At the scale that matters—128K tokens with `w = 4096`—full causal computes ~8.2 billion scores. Sliding window computes ~524 million. A 16x reduction.

"But what about long-range dependencies?" Remember from the lesson: stacked layers of local attention propagate information across the full context through the residual stream. Layer 1 propagates information from position 1 to ~4096, layer 2 from ~4096 to ~8192, and by layer 13 information from position 1 has reached position 50,000.

---

## Exercise 3: GQA Forward Pass (Supported)

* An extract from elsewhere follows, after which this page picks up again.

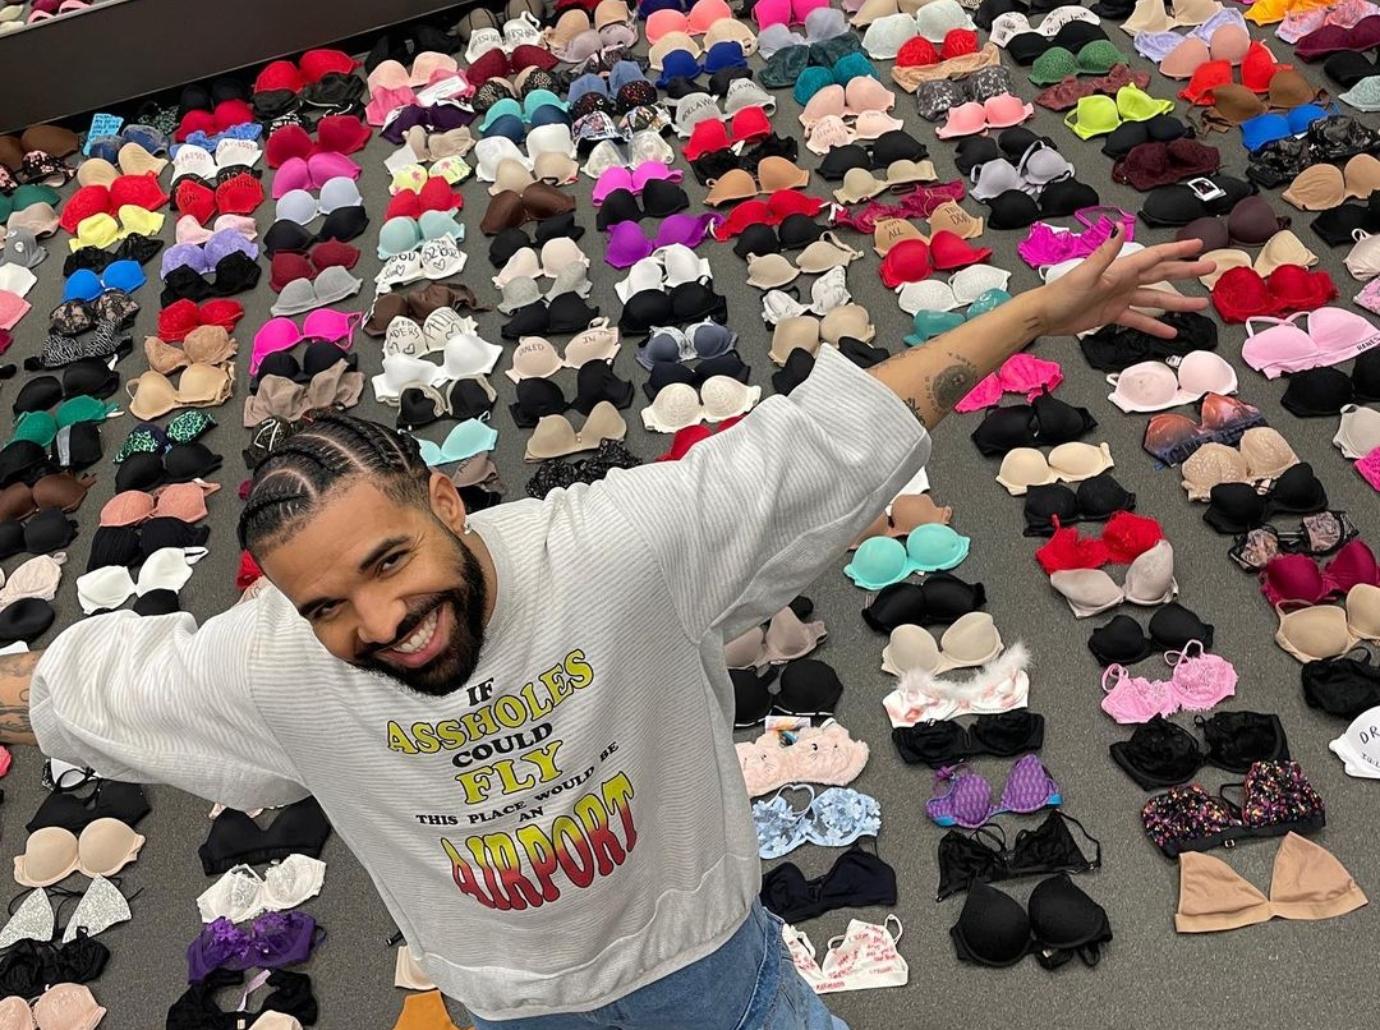 Bras galore! Drake flaunts the huge lingerie collection his fans

The third long-context barrier is KV cache memory. In standard multi-head attention (MHA), every head has its own K and V projections—and its own K/V cache during generation. GQA shares K/V across groups of Q heads: 8 Q heads might share 2 K/V heads, giving a 4x reduction in KV cache memory while preserving query diversity.

In this exercise, you'll:
1. Implement a GQA forward pass with `n_heads=8` and `n_kv_heads=2`
2. Run it on a sample input and verify the output shape
3. Compare KV cache sizes: MHA (8 KV heads) vs GQA (2 KV heads)

The projection matrices and the Q computation are provided. You'll implement the K/V head expansion (repeating shared K/V to match Q heads) and the attention computation.

**Before running, predict:**
- With `n_heads=8` and `n_kv_heads=2`, how many Q heads share each K/V head?
- What is the output shape of GQA compared to standard MHA? Same or different?
- If MHA uses 8 separate K and V caches, and GQA uses 2, what is the memory reduction?

In [None]:
# --- GQA Implementation ---
#
# In standard MHA: n_heads Q heads, n_heads K/V heads.
# In GQA: n_heads Q heads, n_kv_heads K/V heads (n_kv_heads < n_heads).
# Multiple Q heads share the same K/V head.
#
# The key operation: "expand" the K/V from n_kv_heads to n_heads by repeating
# each K/V head for (n_heads // n_kv_heads) Q heads.

# --- Configuration ---
d_model = 64
n_heads = 8
n_kv_heads = 2
d_head = d_model // n_heads  # 64 // 8 = 8
seq_len_ex3 = 16  # short sequence for this exercise
heads_per_kv_group = n_heads // n_kv_heads  # 8 // 2 = 4 Q heads per KV head

print(f'Model config:')
print(f'  d_model = {d_model}')
print(f'  n_heads (Q) = {n_heads}')
print(f'  n_kv_heads (K/V) = {n_kv_heads}')
print(f'  d_head = {d_head}')
print(f'  Q heads per KV group = {heads_per_kv_group}')
print()

# --- Projection matrices ---
# Q projections: one per Q head (8 heads)
W_Q = nn.Linear(d_model, n_heads * d_head, bias=False)
# K and V projections: one per KV head (only 2 heads!)
W_K = nn.Linear(d_model, n_kv_heads * d_head, bias=False)
W_V = nn.Linear(d_model, n_kv_heads * d_head, bias=False)
# Output projection
W_O = nn.Linear(n_heads * d_head, d_model, bias=False)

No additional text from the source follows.